Simultaneous Ethernet Camera Streaming Solution

Wobaffet · ‎06-16-2026

We are developing a custom i.MX8MP-based board for an automotive camera system. We have a working single-camera H.264 RTP streaming pipeline using the VPU hardware decoder on our 5.15.71 NXP Yocto BSP. We are now planning to scale to 4 simultaneous camera streams via an Ethernet switch. The switch will aggregate 4x 100BASE-T1 camera ports and connect to the i.MX8MP EQOS MAC via a gigabit RGMII uplink, with each camera isolated on its own VLAN.

Our display is 1280x800. For 4-stream simultaneous view each stream only needs to fill a quarter of the display (~640x400 or lower @30 fps), so we can scale camera resolution down as needed.

1. Is there an NXP i.MX8MP reference design or application note covering multi-channel video decode that we can use as a starting point?

2. Can the H.264 VPU decoder handle multiple independent instances from separate sources, or is a pre-decode composition step required to reduce the number of processes and context switches?
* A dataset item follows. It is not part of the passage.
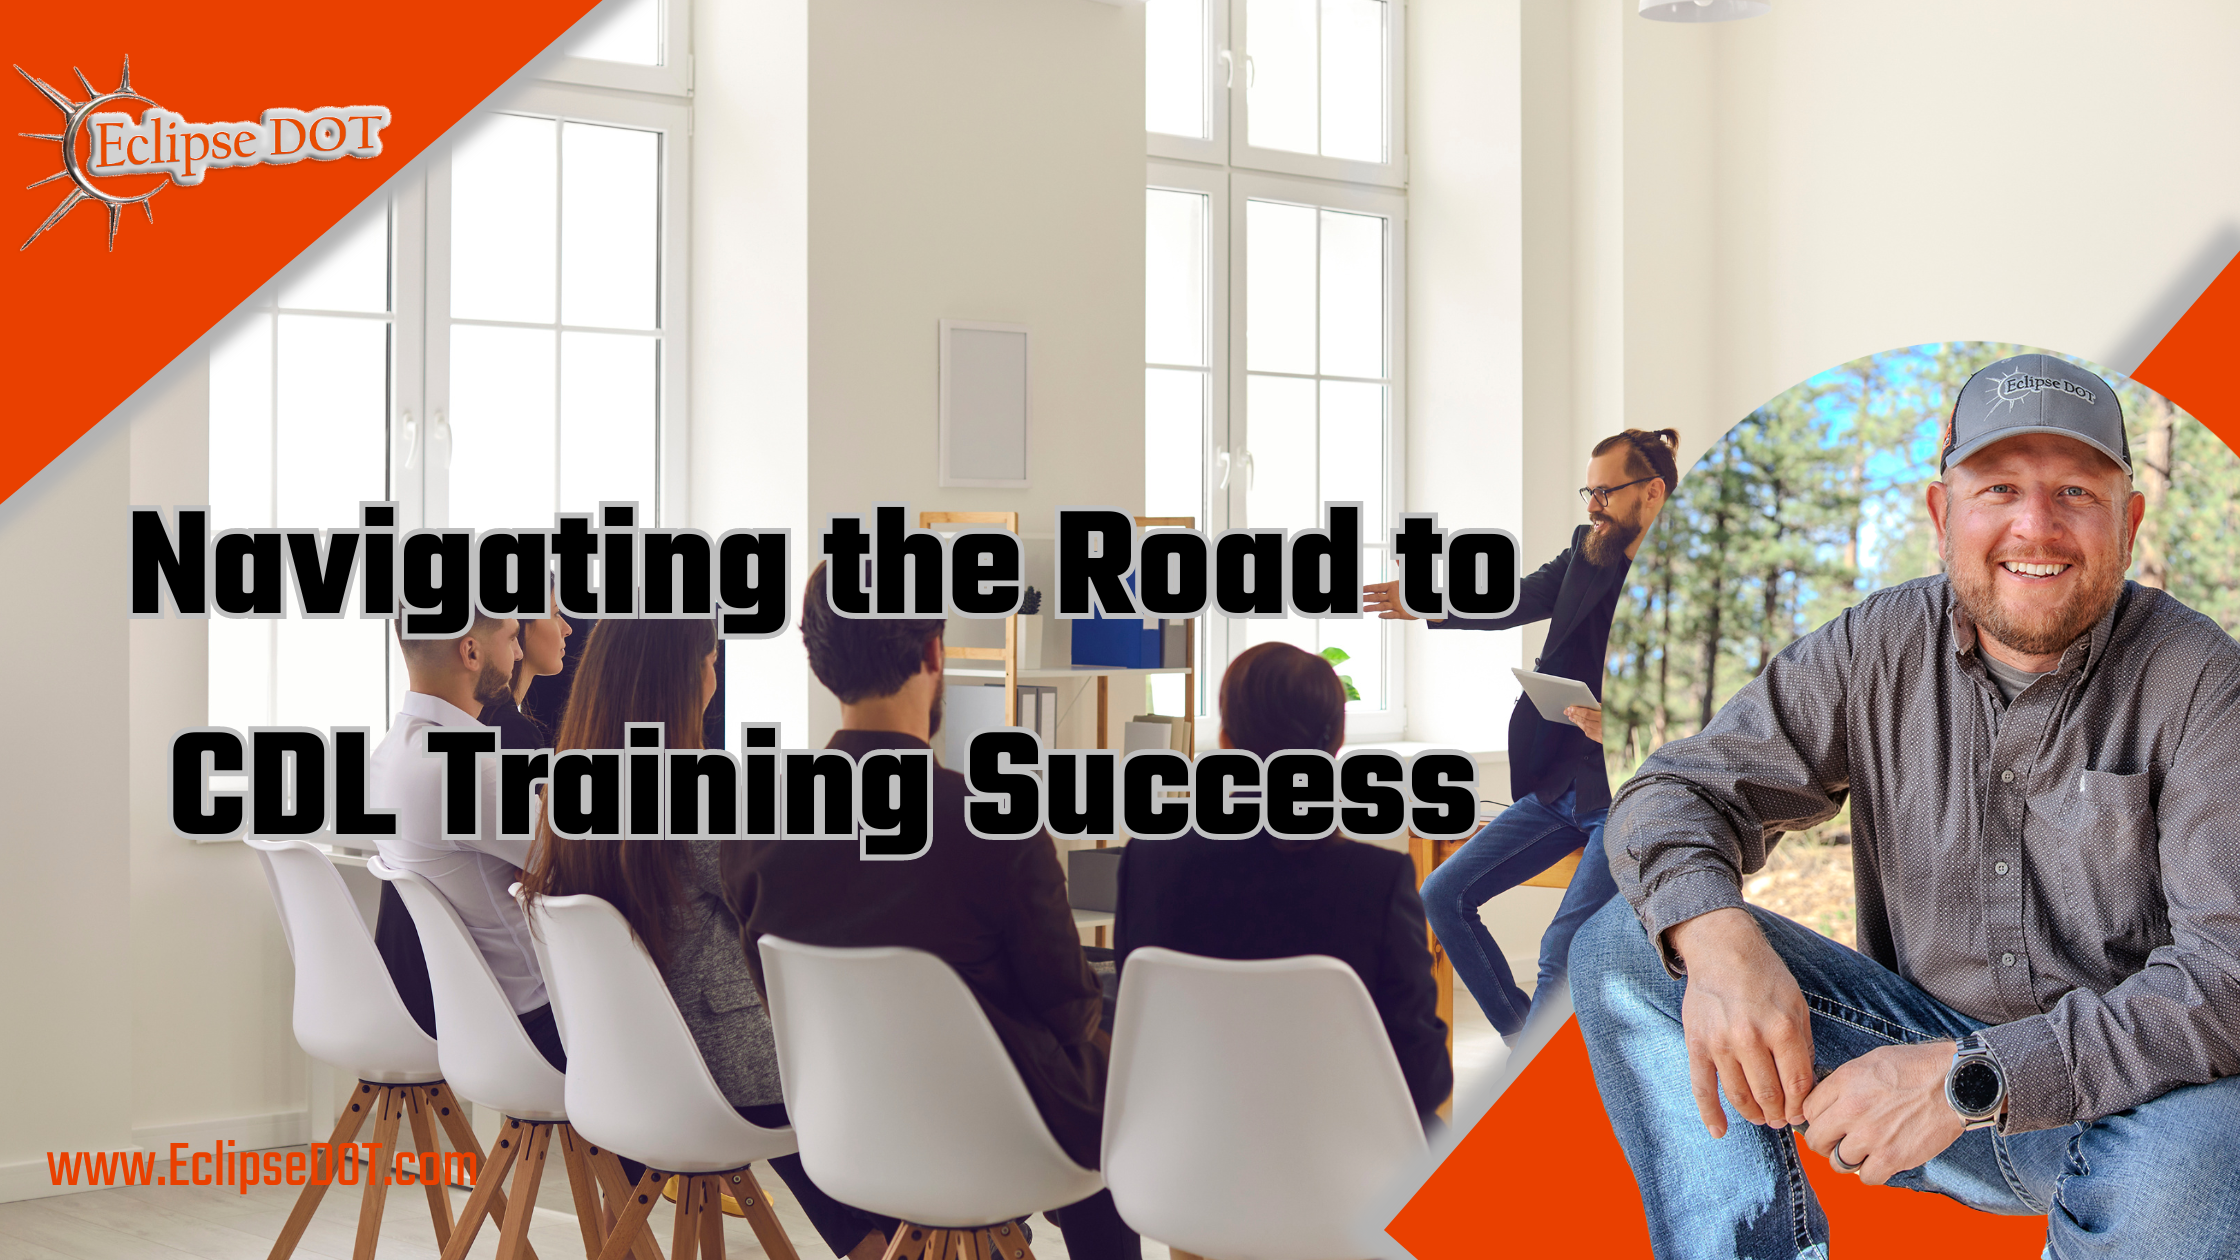 Navigating the Road to CDL Training Success

If composition is required, what is the recommended approach on i.MX8MP?

3. What is the overall recommended software architecture for this use case from NXP's perspective?

Our future application is surround view, so scalability and low latency are key requirements.

Thanks!

Zhiming_Liu

Hi @Wobaffet

The i.MX8MP can serve as a candidate platform for this 4-channel Ethernet H.264 camera quad-view application; however, only the i.MX8QM and i.MX95 have reference designs for surround view.

The recommended architecture is for the four RTP/H.264 streams to enter separate GStreamer pipelines, be decoded individually by VPU hardware decoders, and then undergo hardware-assisted scaling and composition after decoding, with the output displayed on a 1280×800 display. It is not recommended to attempt composition before H.264 decoding, as separate H.264 streams cannot be directly composited into a single display frame in the compressed domain unless decoding and re-encoding have already been completed at the upstream switch or camera.

For a display requirement of 4 streams at approximately 640×400@30fps, a rough estimate based on pixel rate indicates that the load is significantly lower than that of 1080p60 decoding, so this approach is reasonable. However, whether this ultimately meets the low-latency and stability requirements for surround view will require system-level verification, taking into account actual camera bitrate, profile, GOP, RTP jitter, DDR bandwidth, the GStreamer zero-copy path, and the composition method.

Best Regards,
Zhiming

Wobaffet

Hello,

Thank you for the answer!

As a follow up,

1. We are planning to run 4 independent GStreamer pipelines simultaneously, each decoding its own H.264 stream using the VPU hardware. We want to confirm that the VPU driver in the 5.15.71 BSP supports 4 truly concurrent decode instances. Is there any known configuration or limitation in this BSP that would prevent all four pipelines from decoding in parallel, or is a scheduling method required? If so, are any examples available?

2. Our setup has an Ethernet switch connecting 4 cameras to the i.MX8MP via a single RGMII uplink, with each camera on its own VLAN. On the Linux side we plan to create VLAN subinterfaces on the EQOS port and have each GStreamer pipeline receive UDP/RTP from its own subinterface. Two questions on this: Does the EQOS driver in the 5.15.71 BSP support 802.1Q VLAN tagged frames correctly out of the box, or is there any additional configuration needed? And are there any known receive-path tuning recommendations for running 4 simultaneous UDP streams on this interface in this BSP?

Thanks!

Wobaffet

reminder